» **Directions**
For this exercise, copy the data exactly and omit any images.

» **Source data**
►

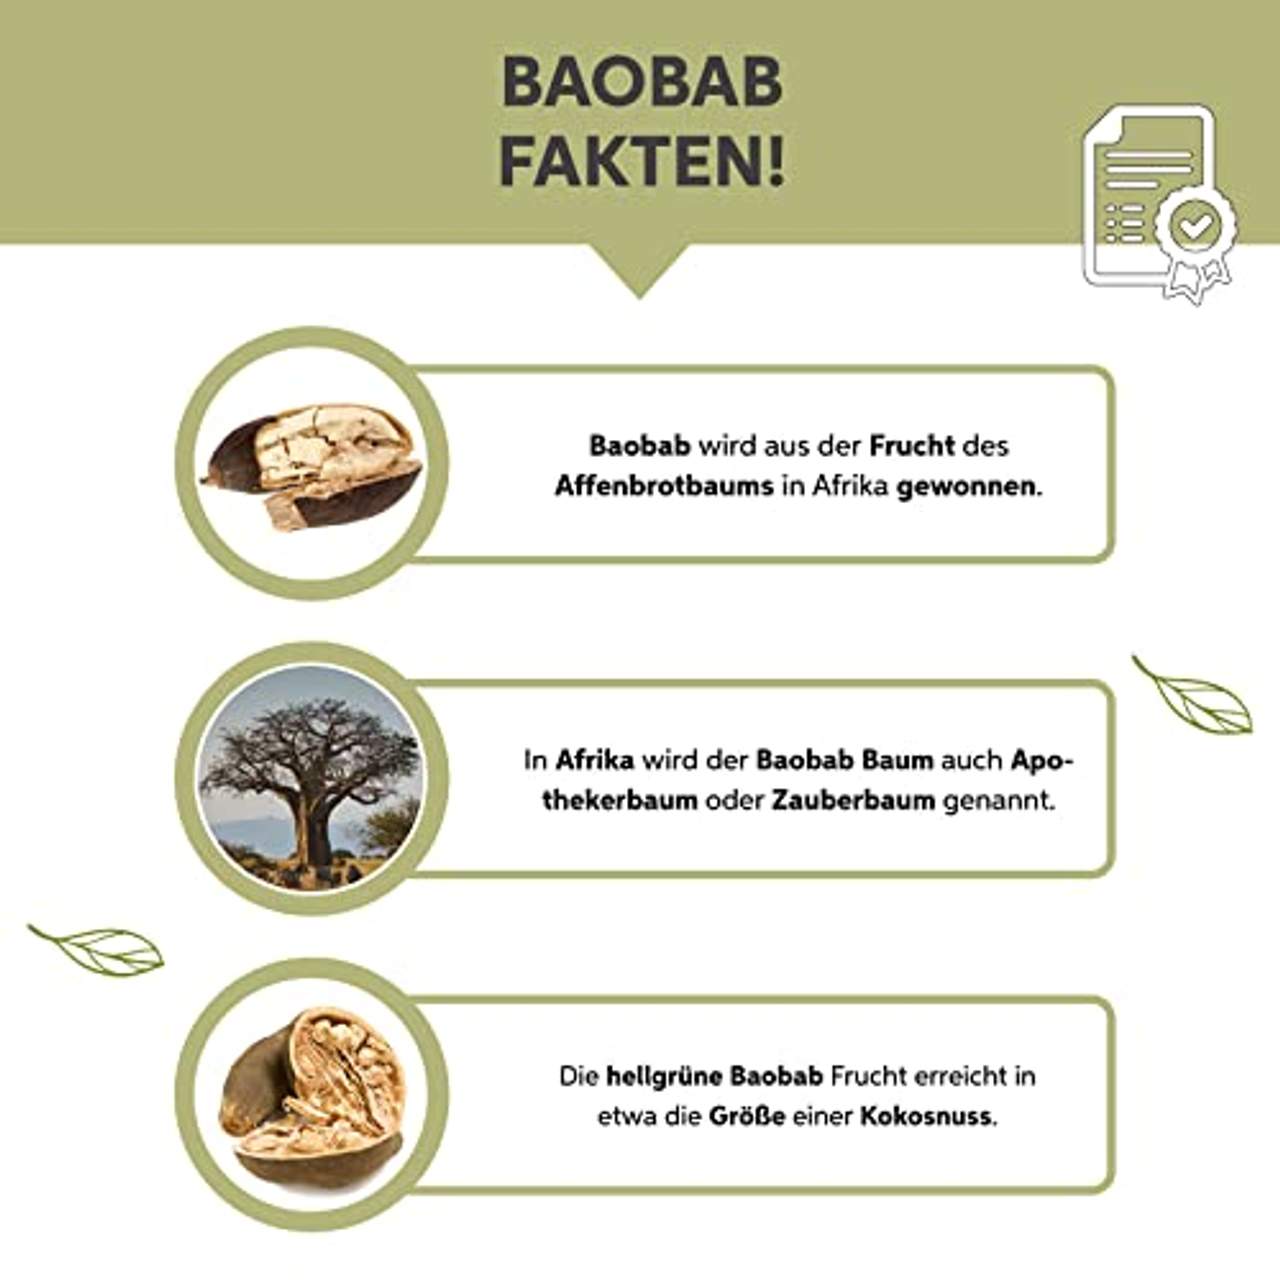 eltabia Bio Baobab-Pulver 1kg
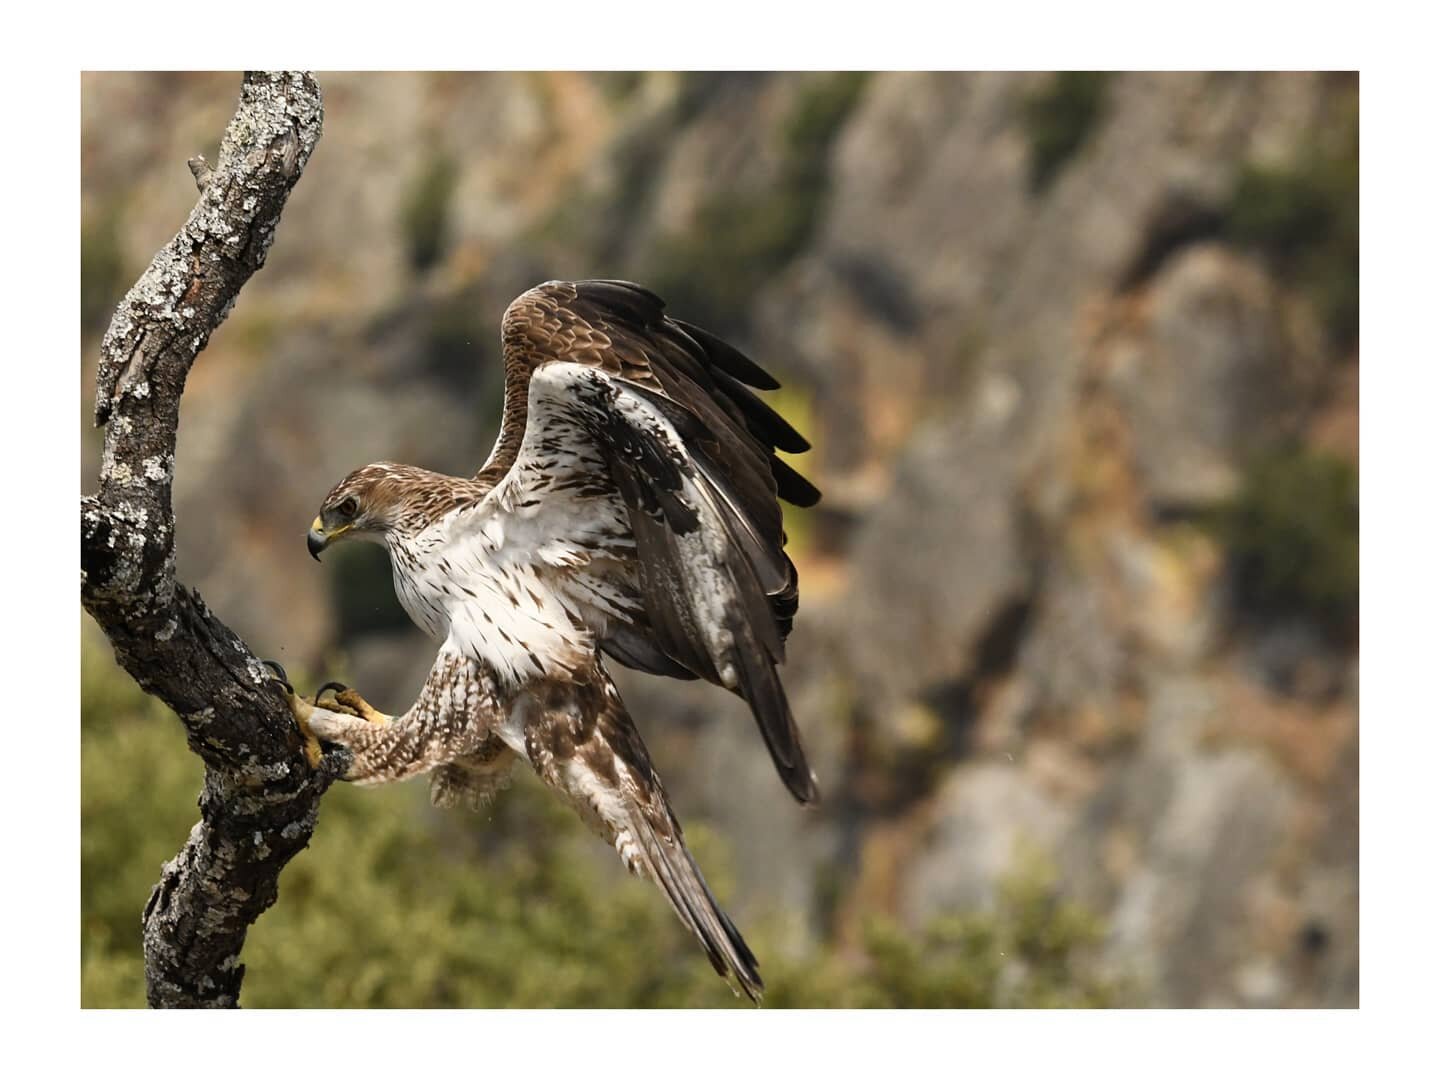 &Aacute;guila perdicera 

Este fin de semana estuve en Arribes del Duero filmando &aacute;guila perdicera para el documental en el que estoy trabajando.

#fujifilm  #fujifilmxt4  #fujinon100400  #nature  #wildlifephotography  #wild #eagle

◄

» **Result of the exercise**
 eltabia Bio Baobab-Pulver 1kg
 &Aacute;guila perdicera 

Este fin de semana estuve en Arribes del Duero filmando &aacute;guila perdicera para el documental en el que estoy trabajando.

#fujifilm  #fujifilmxt4  #fujinon100400  #nature  #wildlifephotography  #wild #eagle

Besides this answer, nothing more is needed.